The issue of discovery into spoliation issues was not properly raised before Magistrate Judge Poretz. The issue was only addressed briefly, when Magistrate Judge Poretz reiterated his denial of spoliation sanctions. Plaintiff makes no valid objection to the Magistrate Judge's ruling on this ground, and this Court will not order further discovery into the issue of spoliation.

C) Pain and Suffering

Plaintiff finally objects to the Magistrate's holding on the ground that it denied the opportunity to depose MWAA emergency personnel in order to obtain information concerning treatment as well as objective evidence of pain and suffering at the scene of the accident. However, the Magistrate determined that Plaintiff is in the best position to testify regarding pain and suffering at the scene. Furthermore, an MWAA patient care report has been produced containing the information sought. Accordingly, the Court finds no error in the Magistrate's denial of discovery into these areas.

IV. Conclusion

For the foregoing reasons, the Court will overrule Plaintiff's objections. An appropriate Order will issue.


Summaries of

Lisansky v.

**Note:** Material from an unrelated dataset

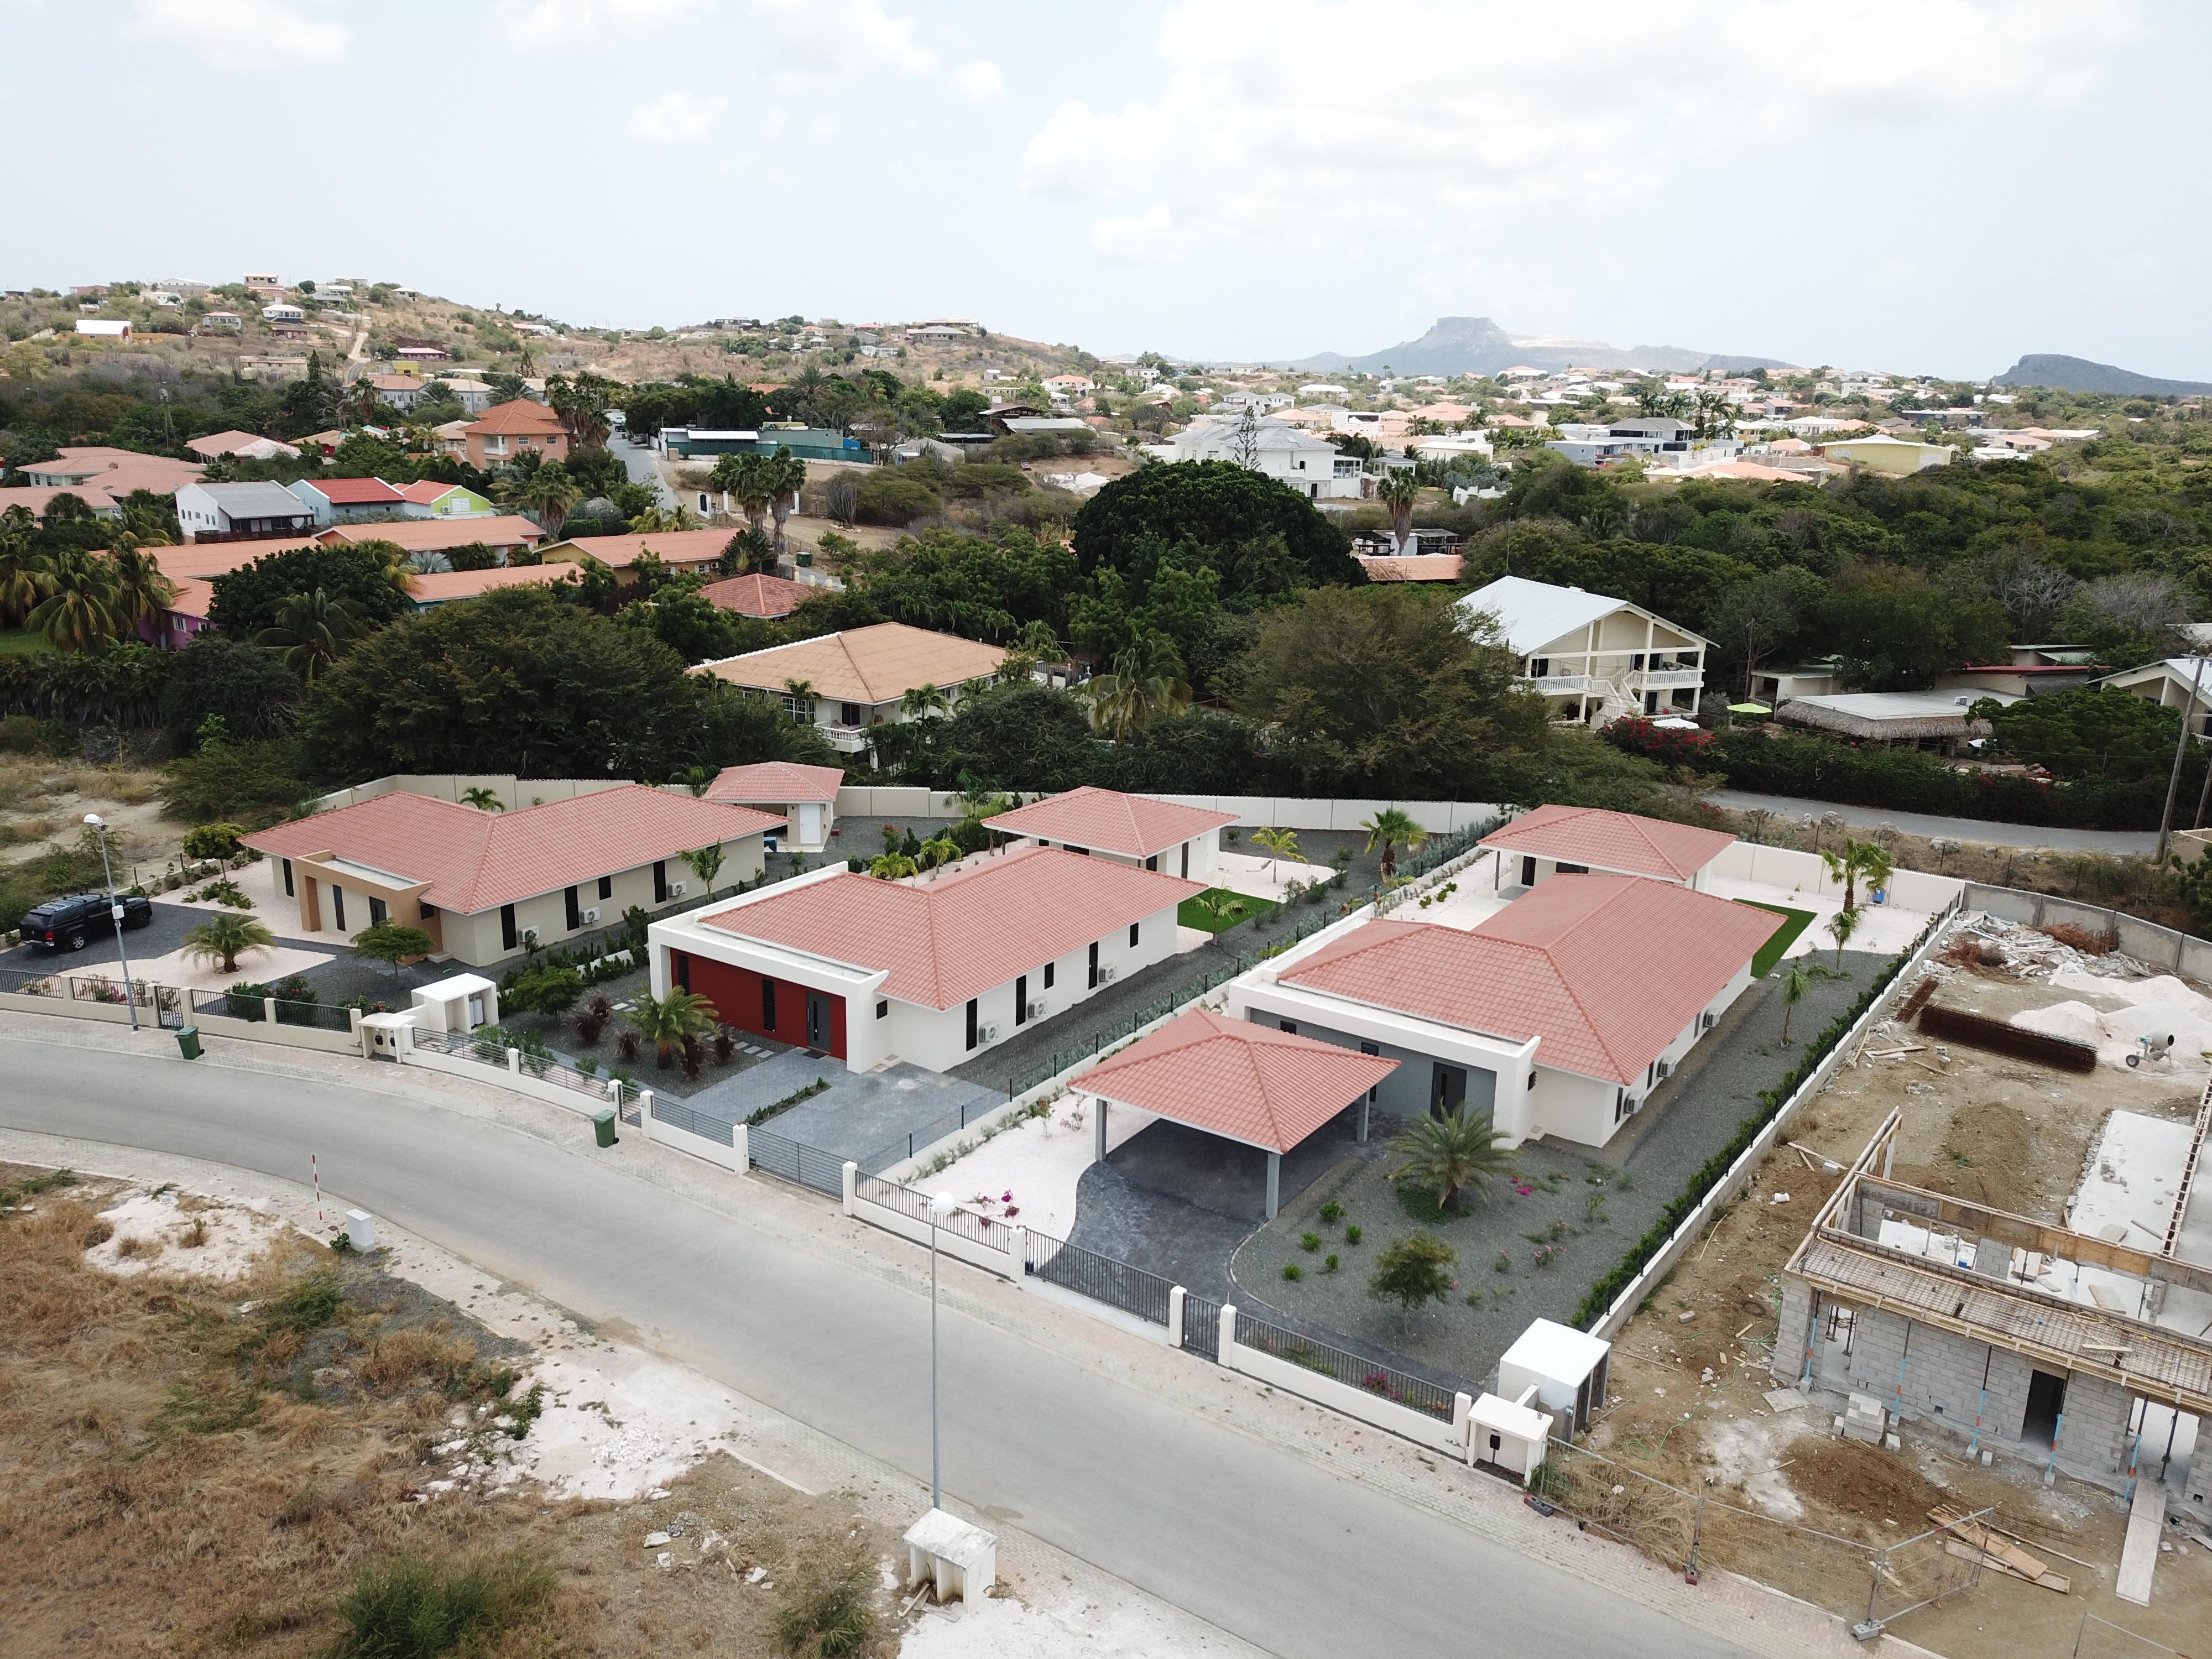 Zuurzak Villas Curacao - Nieuwbouw project van 8 woningen op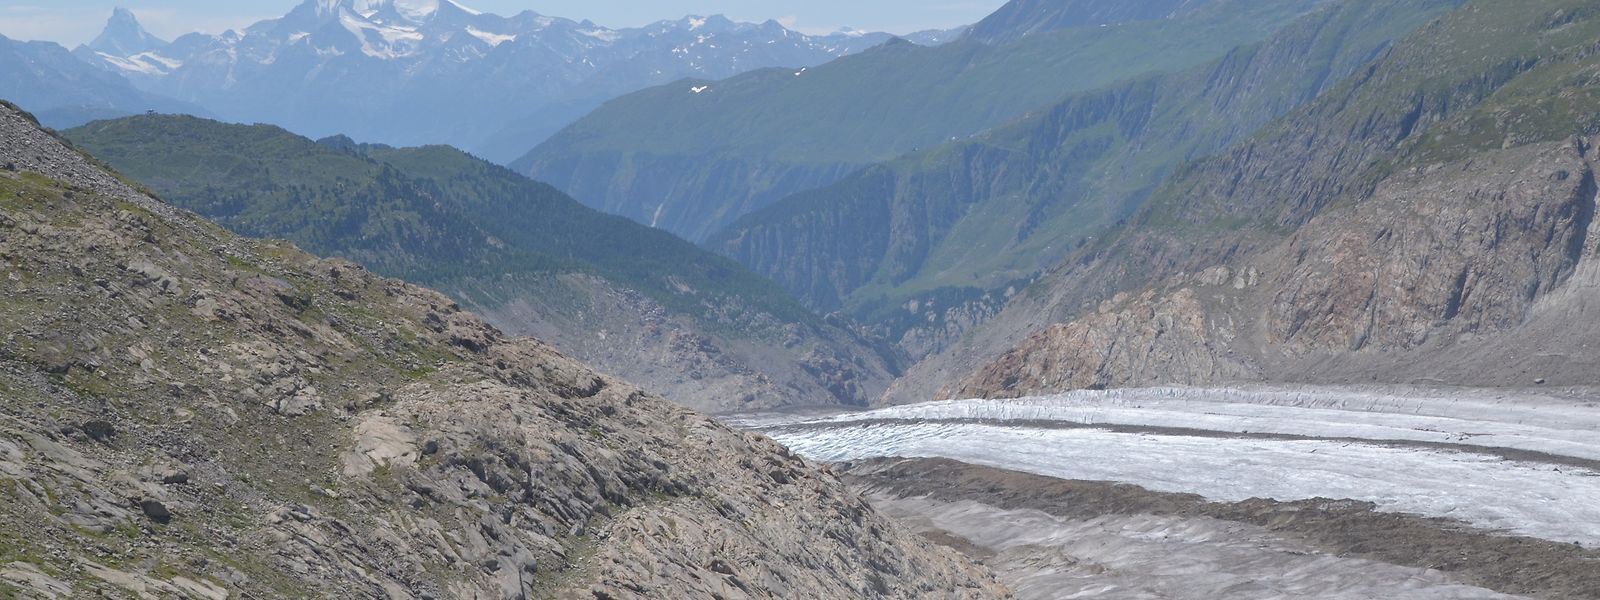 So sieht Gletscherschwund aus: Die glatten Felsen waren vor einigen Jahrzehnten noch von Eis bedeckt.

CPF Corp.

United States District Court, E.D. Virginia, Alexandria Division
Jul 30, 2007
1:06cv677 (JCC) (E.D. Va. Jul. 30, 2007)
Case details for

Lisansky v. CPF Corp.

Case Details

Full title:LOUISE LISANSKY Plaintiff, v. CPF CORP., et. al., Defendants

Court:United States District Court, E.D. Virginia, Alexandria Division

Date published: Jul 30, 2007

Citations

1:06cv677 (JCC) (E.D. Va. Jul. 30, 2007)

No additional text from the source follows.